About this exercise: Using the listing below, copy exactly each line from the one that has "Dinamo Brest vs" through the one that has "White Bay Linen Drawstring Shorts"; omit the pictures.

Available data:
((

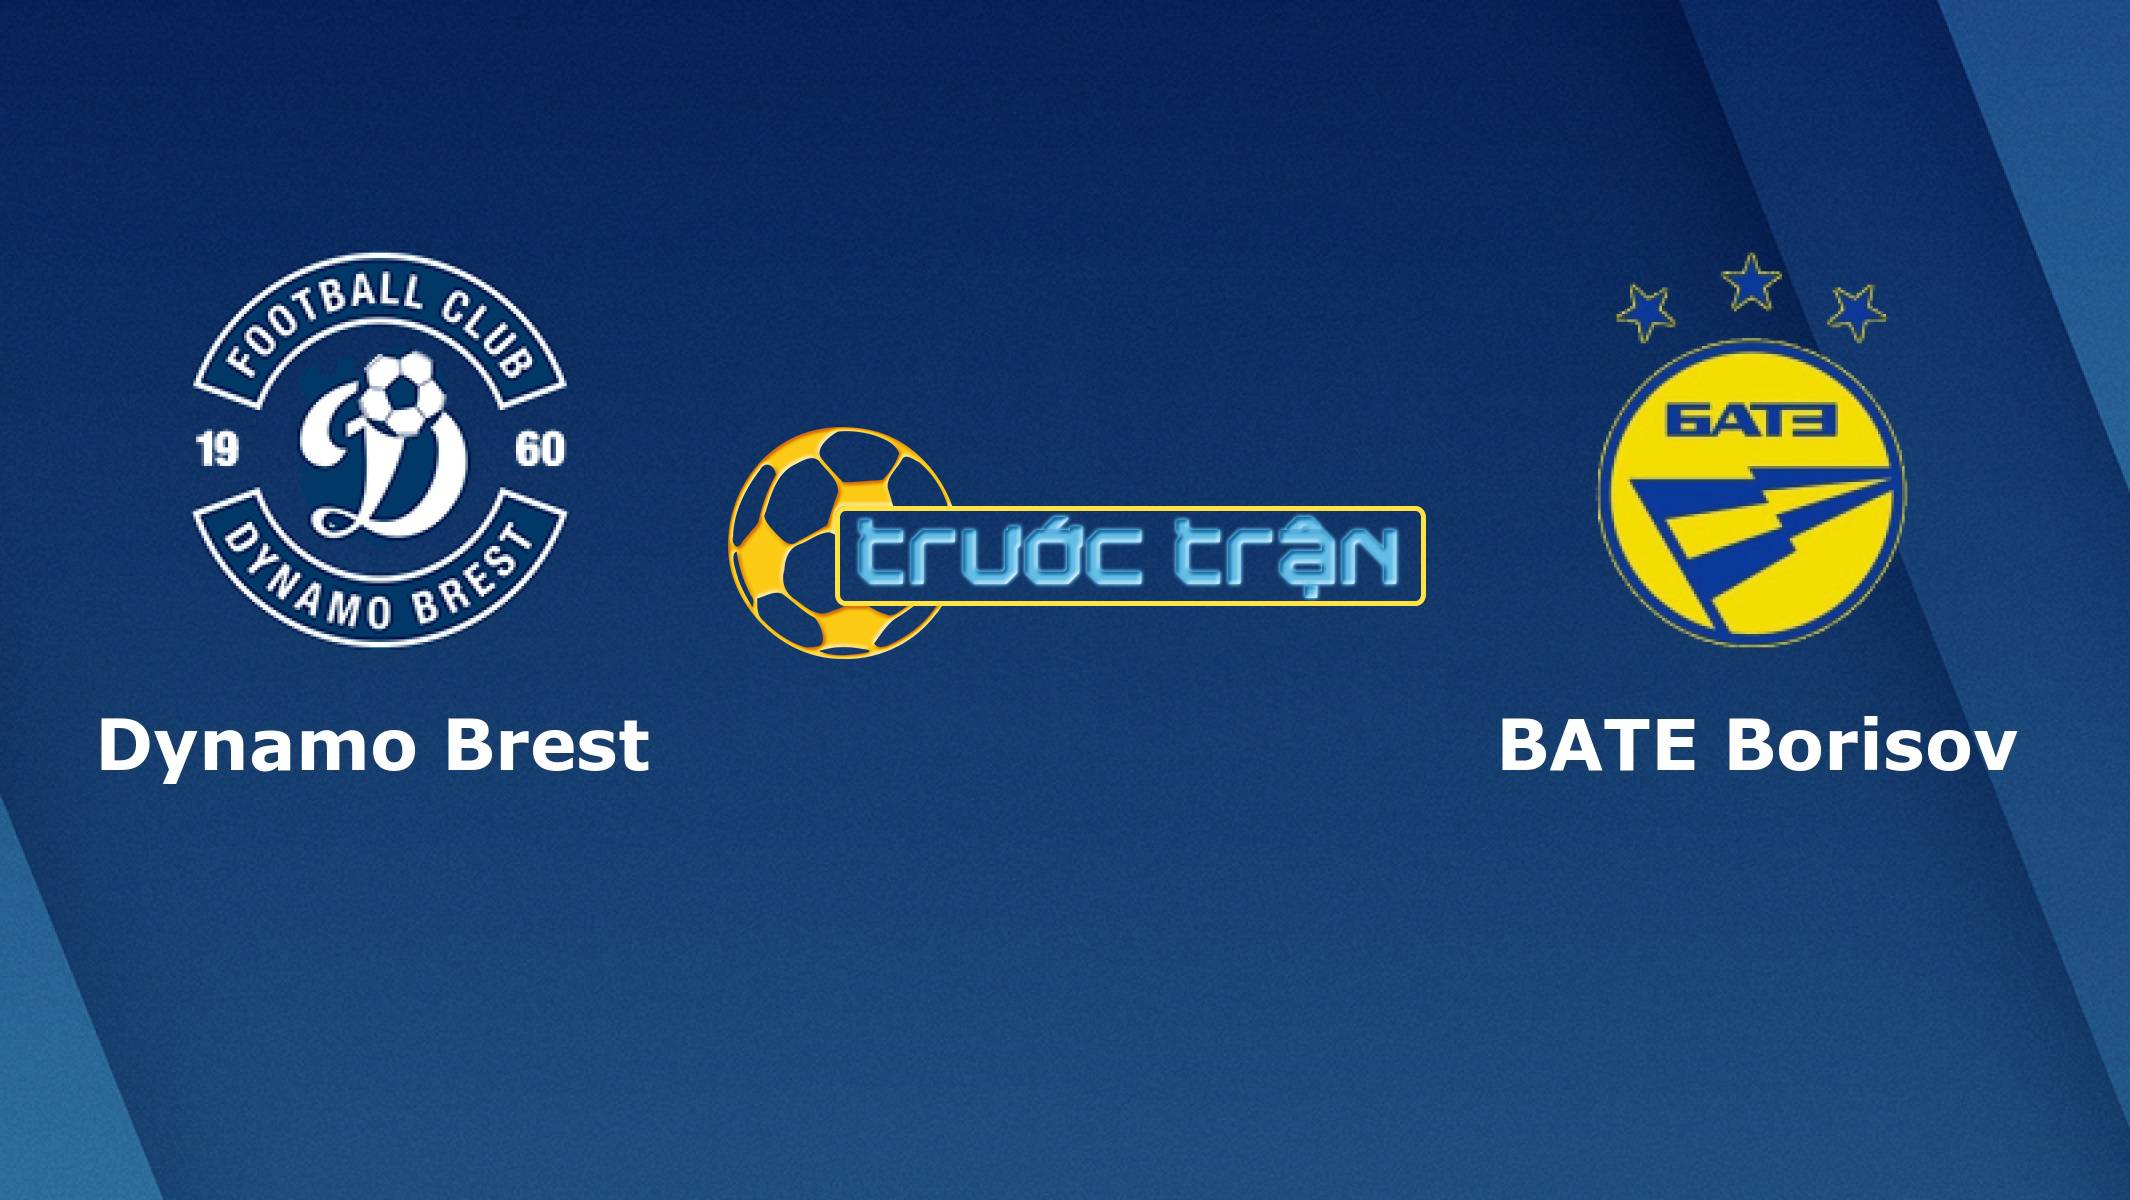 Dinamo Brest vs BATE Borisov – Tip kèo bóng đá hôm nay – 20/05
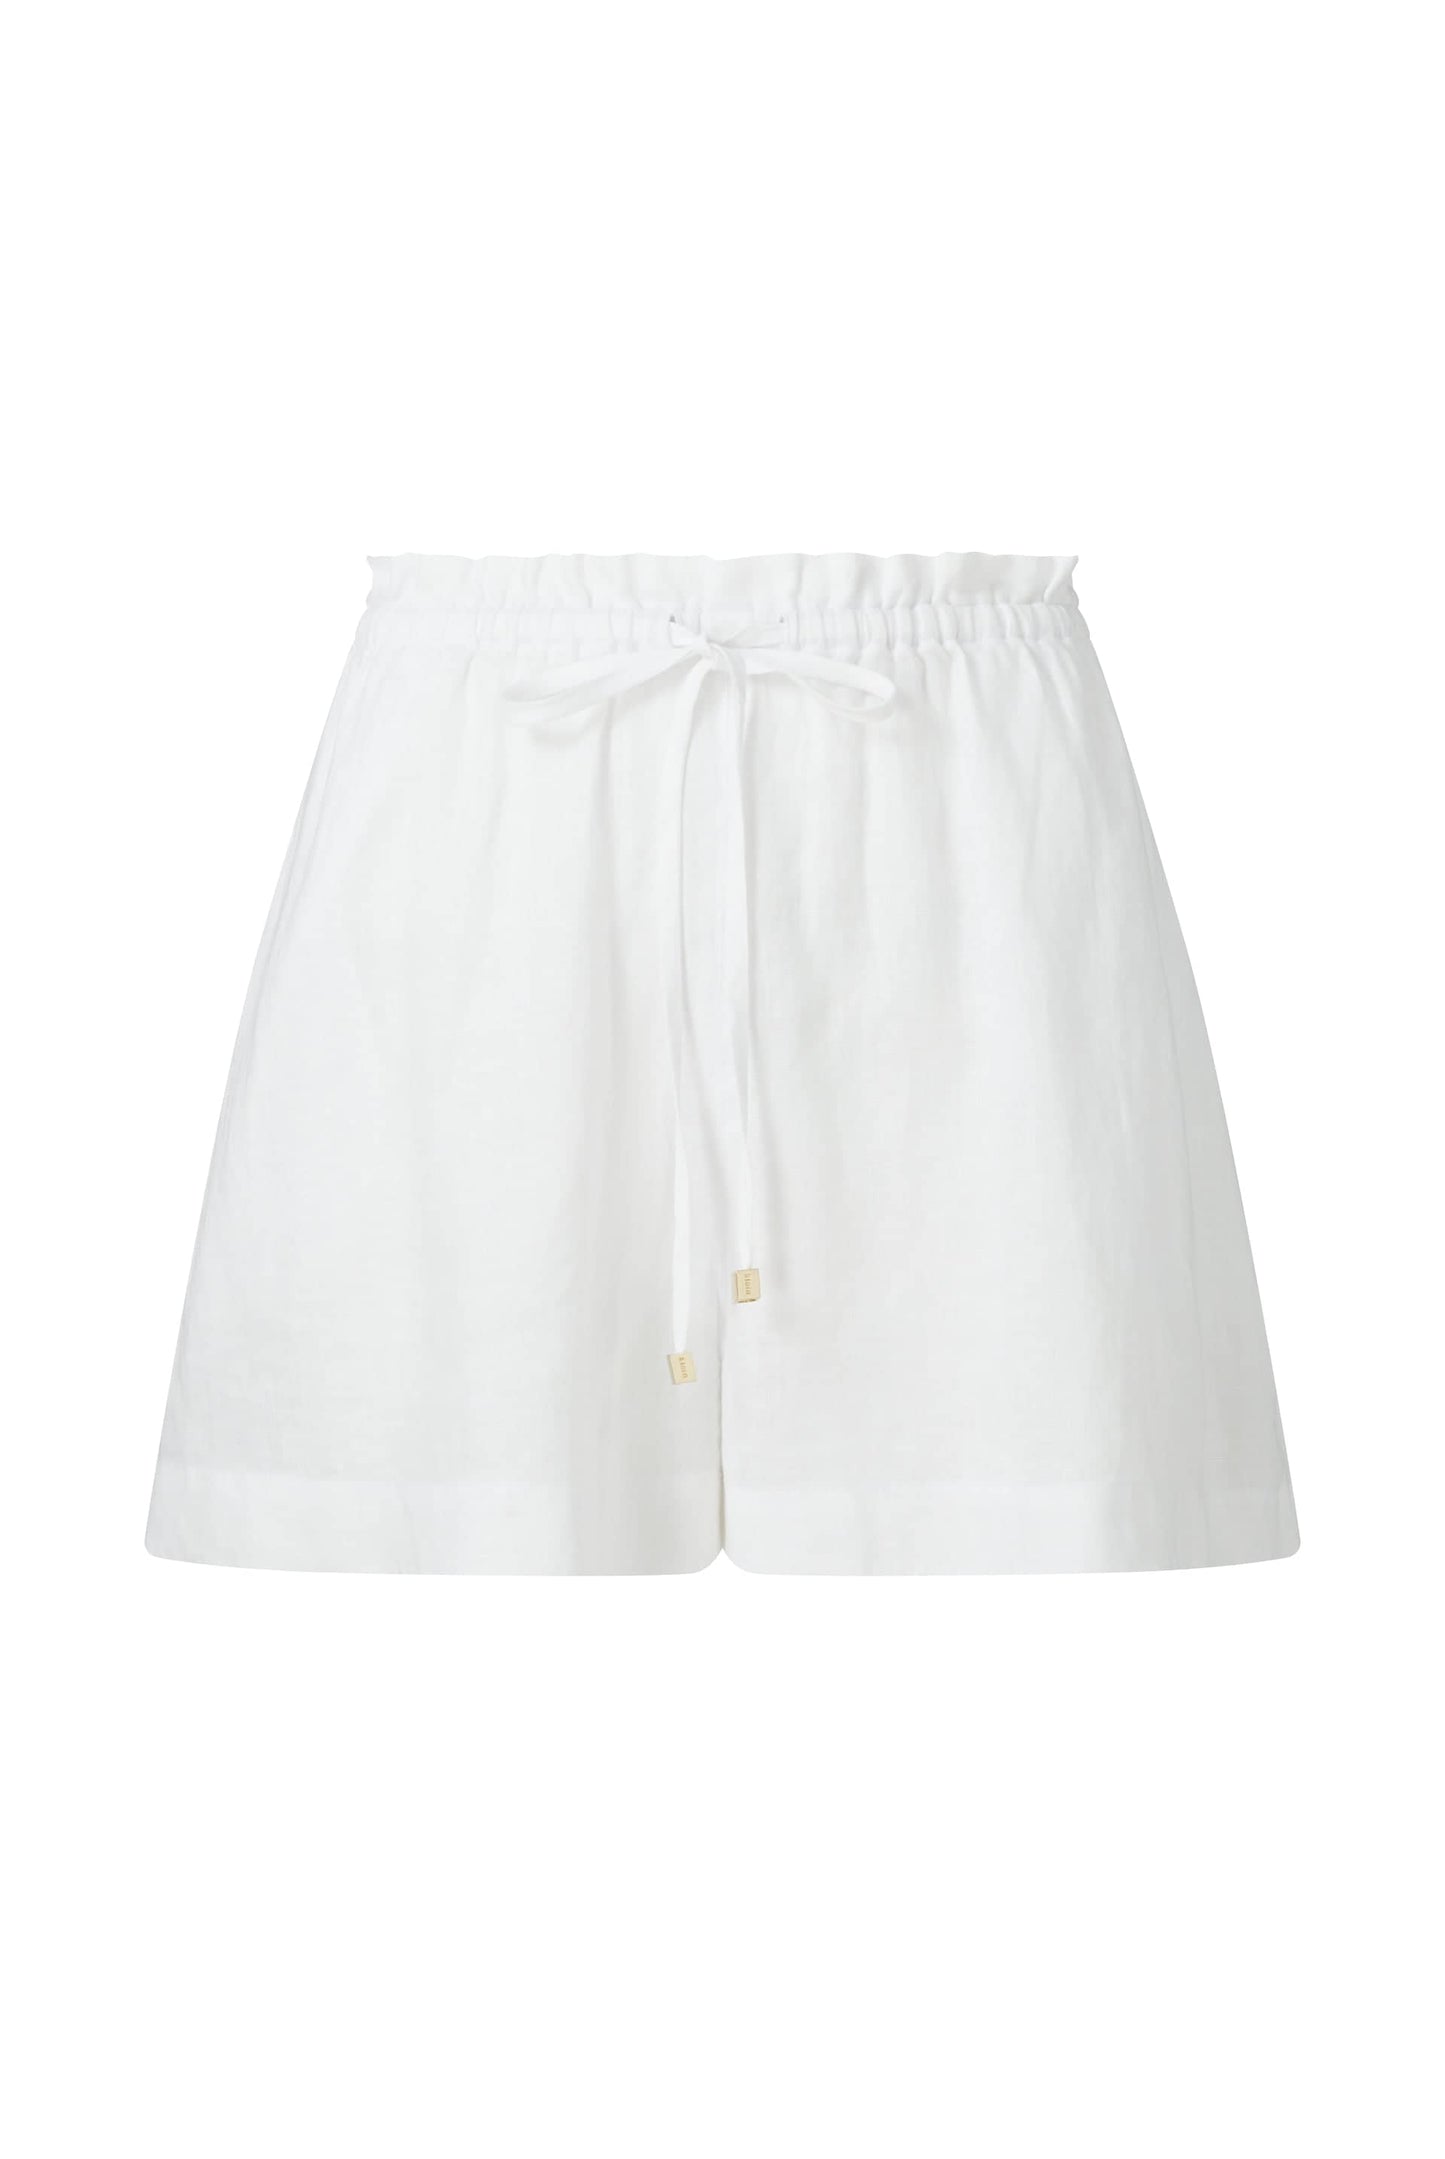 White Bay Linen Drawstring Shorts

))
((

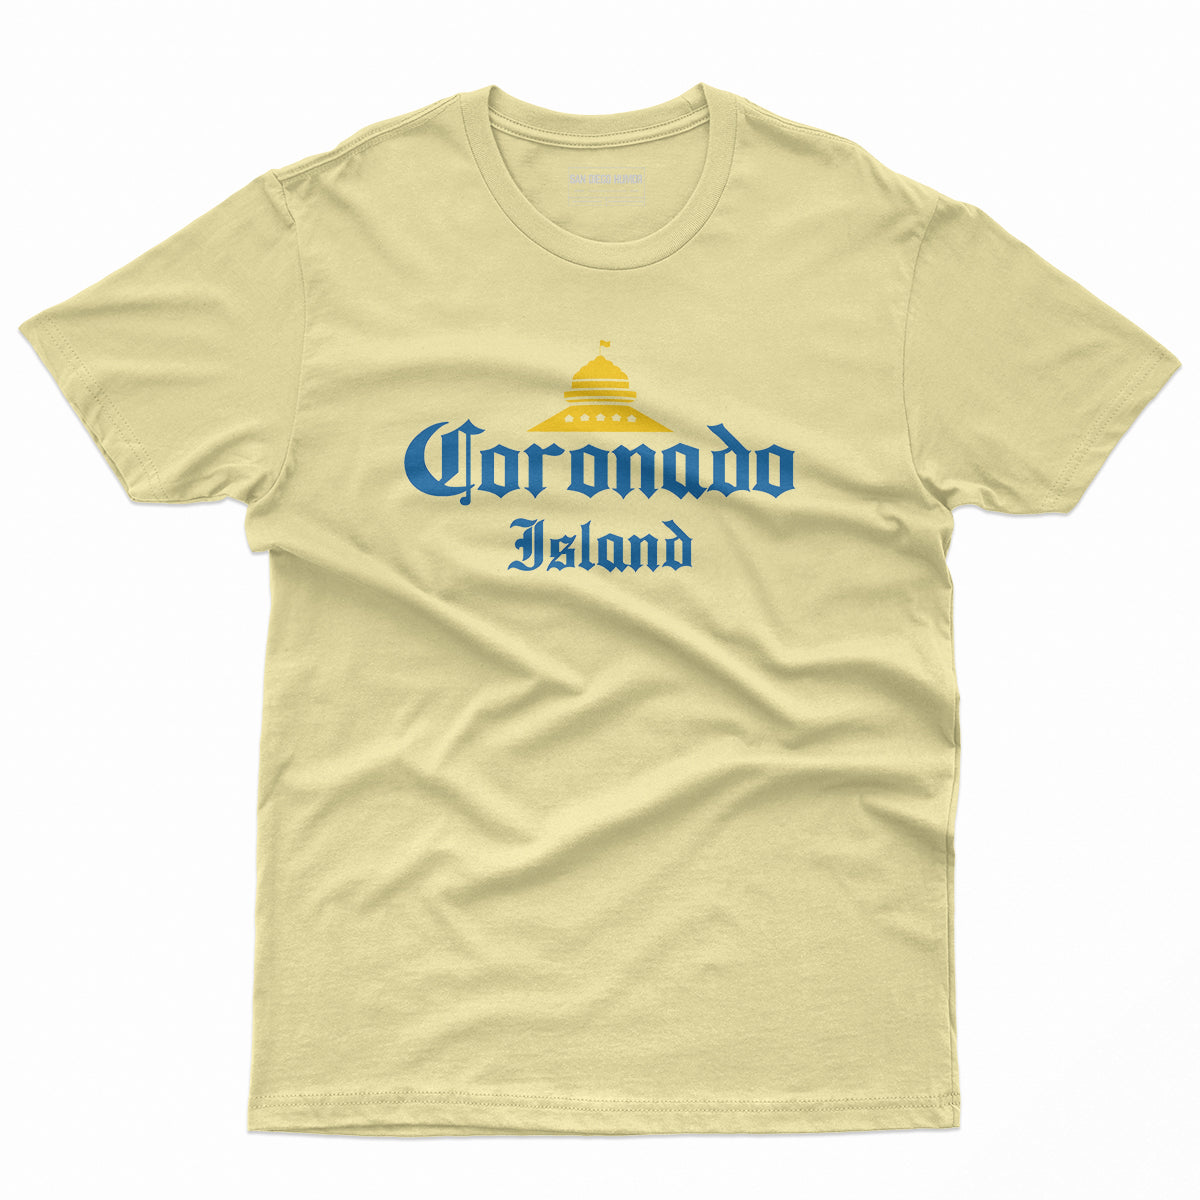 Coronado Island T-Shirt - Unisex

))

Result of this task:
 Dinamo Brest vs BATE Borisov – Tip kèo bóng đá hôm nay – 20/05
 White Bay Linen Drawstring Shorts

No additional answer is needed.